This issue of Tenso marks a real first, with the publication of our first article about Occitan composed in Occitan. It has taken some time for Occitan to mark its space as a legitimate scientific language—the effort requires a good deal of devotion on the part of researchers and users. However, scholars are making the effort to establish Occitan as an equal to other European languages; publishing research in the language is part of that effort, seen, for example, in the recent collection of essays, Nouvelles recherches en domaine occitan (reviewed in this issue), and in conference papers delivered at the congresses of the Association internationale d’études occitanes.
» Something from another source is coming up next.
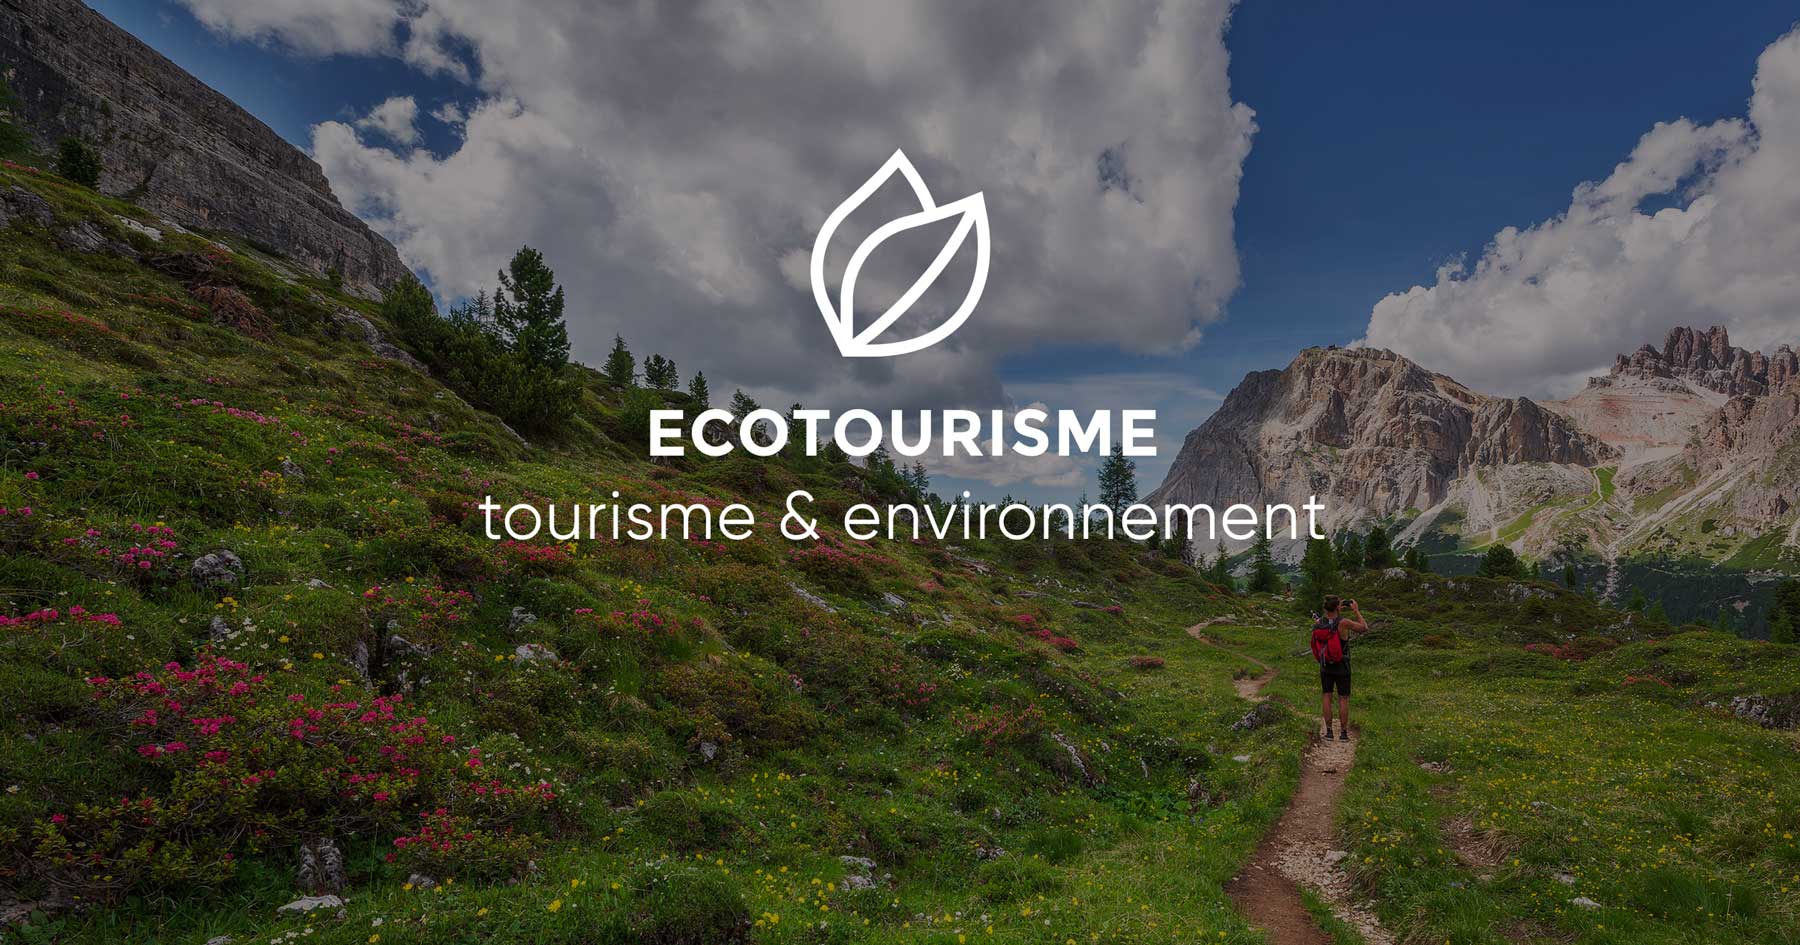 Ecotourisme : la définition d’un tourisme responsable et respectueux de l’environnement

Occitan’s history is not that of French, with an Académie française to normalize usage, nor that of English, where other forces have unified patterns and established norms. Many Occitanophones recognize their dialect, be it Auvergnat, Gascon, Languedocian, Limousin, or Provençal, before they recognize Occitan as the global identifier of the lenga d’oc. In this reality, it is difficult to find consensus on elements of usage. Louise Esher, a young scholar who acquired Occitan, not at her mother’s knee, but by working with native speakers from the departments of the Tarn, Haute-Garonne, Aude, and Ariège, is a strong believer in supporting the forms and usages she heard and learned. She has affirmed that her practice, “when presenting, writing or publishing in Occitan, is to use the established conventions of the grafia classica for grapheme-phoneme correspondences and the structural features of the variety which I am competent in.” Thus, in an article on verb endings, she may encounter resistance from readers who expect verb endings to be those “taught in school,” as it were. Her choices put her in the line of fire of those who expect writers to adhere to a norm, whether that norm be standard Occitan, or standard Languedocian, or some other standard of a chosen Occitan dialect. It may be that English speakers, having learned a language that is less insistent on norms, are more willing to push this envelope. Most importantly, un brave mercé per la volontat d’escriure en occitan! [End Page iv]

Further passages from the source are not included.